In this example it used time intervals. The example does not show how the correct time intervals are determined, it just show how we can hide the fact that it reads, e.g., the second half of a first file, the entire second file, and the first half of a third file.
2. One can see that nicely in the example file you are loading in the example in esssans PR 50 where you plot the Spin_flipper value. So we would need to read out the value of this spin flipper and also of the 3He cell
Exactly, what you describe would give us the required time intervals. We would read meta data from all files, determine time intervals, and then run the above.
For the ZOOM files this is actually split into "periods", so one might use those instead, but the issue here is about the general approach.
Do you think for this it would make sense to go together through the zoom files and what needs to be read-in for which dataset?

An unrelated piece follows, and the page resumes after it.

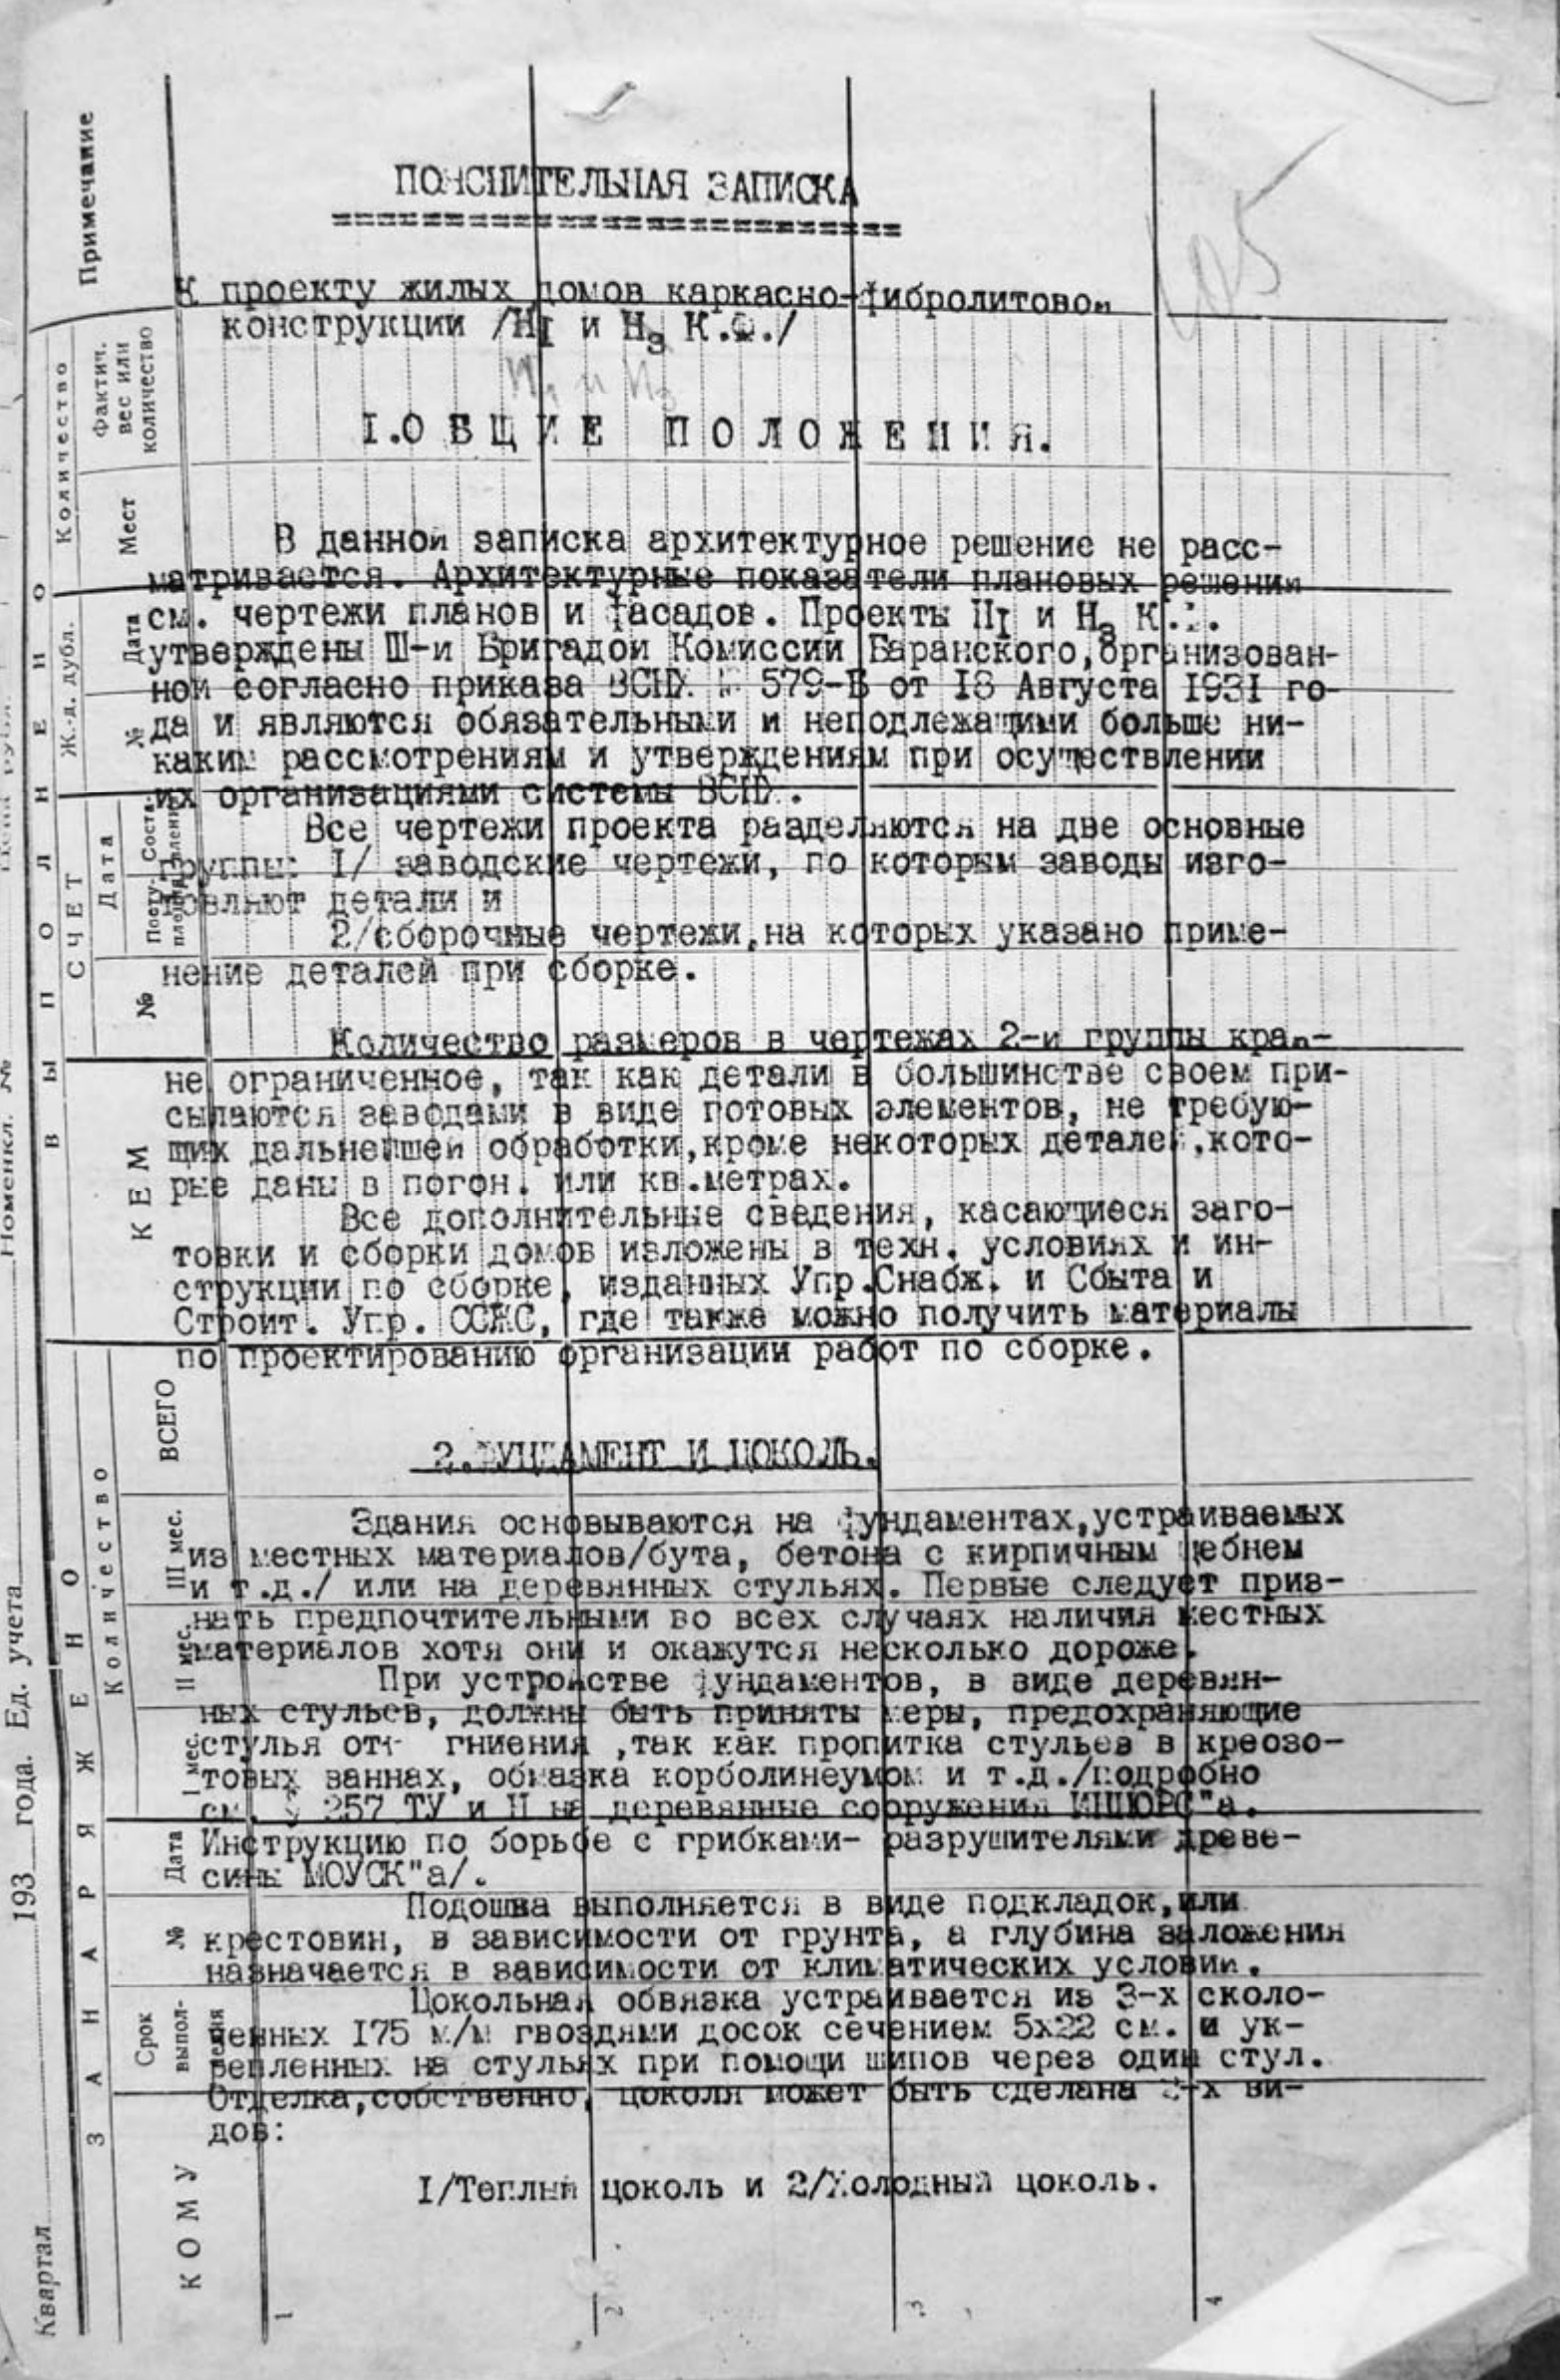 Производственные сметы на постройку различных объектов на Гольянском тракте (СОЦГОРОДе) 1932—1933

We will need to adapt the workflow in a way that says that for cell=Polarizer values are known, time-decay is infinite (T1 = constant), as only cell=analyzer was probed in the ZOOM examples, but it would test the workflow as whole still. For this either an online-meeting or again meeting at DMSC is possible, whatever would be the most efficient.
Either works for me!
Status update: We will not follow the approach I proposed above, but rely on a new mechanism that will be made available in Sciline soon.
https://github.com/scipp/esssans/pull/135 which should be in the next ESSsans release should address this.
How to read in the Data Arrays from multple NeXus files into our workflow?